I would like this thread to be a documentary of sorts of my back ribbon eel trials, tribulations, and hopefully LONG TERM successes.

As a bit of a preface, I am well aware these creatures are hard to keep and are often considered "best left in the ocean" by even advanced aquarists (and I consider myself somewhere between beginner and intermediate). I welcome ALL feedback, unless the only feedback you have to give is something along the lines of "I read these things are impossible to keep. This project is doomed for failure." While I agree everyone may have their opinions, I would like to try and keep opinions out of this thread. I KNOW this is hard, since a lot of what we discuss here is partially weighed in by opinion, but please let this be more of a learning experience. Also, please realize that at one point everything was impossible until someone took the time to perfect it and become successful at it. I am not saying that person is me, but hey, it could be! That said, let's move right along!

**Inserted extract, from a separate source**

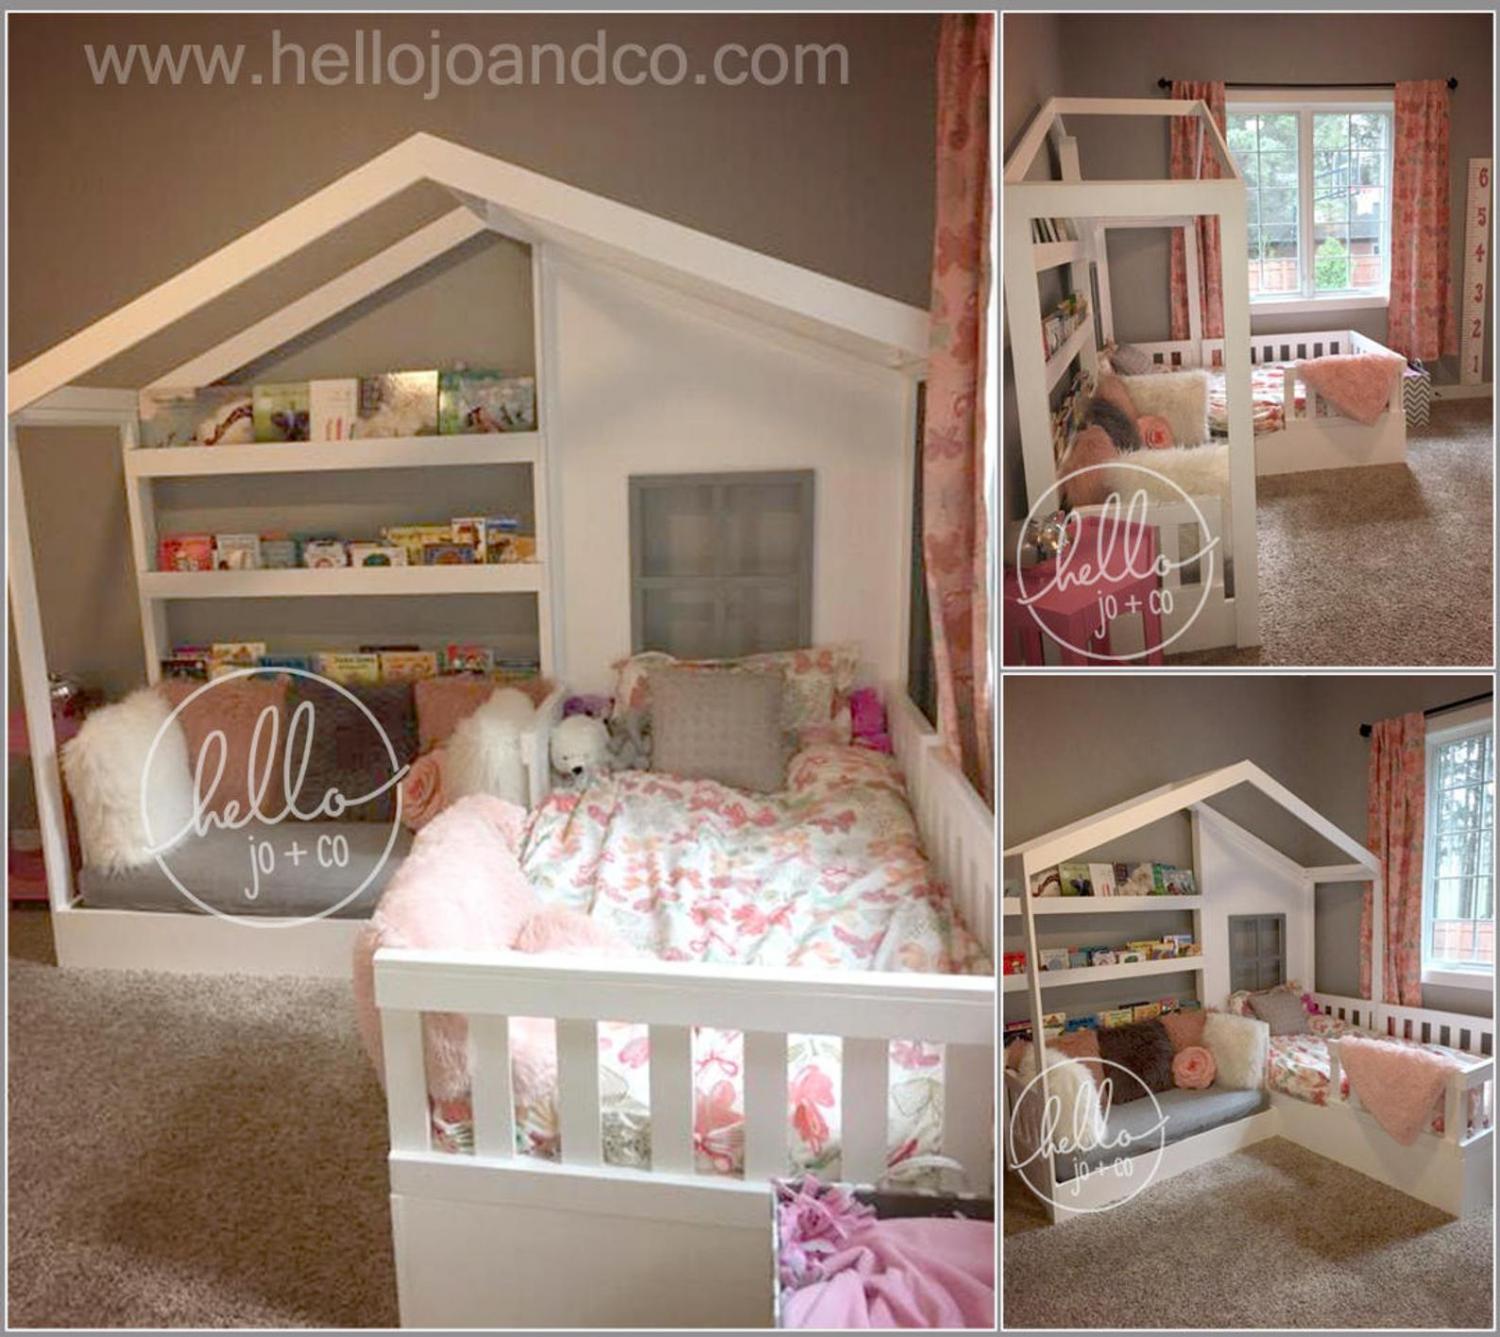  Kids Montessori Bed Has a Bed and Reading Nook In One - Kids reading nook bed frame

I got a juevenile pair of these eels (for now I will abstain from mentioning where, since my goal is not to have a rash of people buying up these creatures thinking they will be an easy addition, because THEY ARE NOT) about seven weeks ago. They both shipped phenomenally well (came to me in 2 bags with around 1-1.5 liters of water a piece). They were acclimated first completely for temperature (~ 2 hours) then on a ~ 4 hour drip. This may have been overkill, but the water they shipped in looked/smelled clean and tested 0 ammonia, so I didn't feel too nervous about letting them stay in that water a little while longer. Upon acclimation, they were released into my 150g tank with around 225 pounds of rock (80% of which was man made and seeded with live sand and rock). The man made rock has plenty of "tunnels" and flat nooks, under which they can hide and feel comfortable. They have both taken residence on the bottom left of the rock work. Although I toyed with a PVC structure, they were able to fully hide themselves in the rock, and seem very comfortable where they are, so I figured I would avoid the potential extreme dead spots of a buried PVC structure. With all that out of the way, the easy part was over!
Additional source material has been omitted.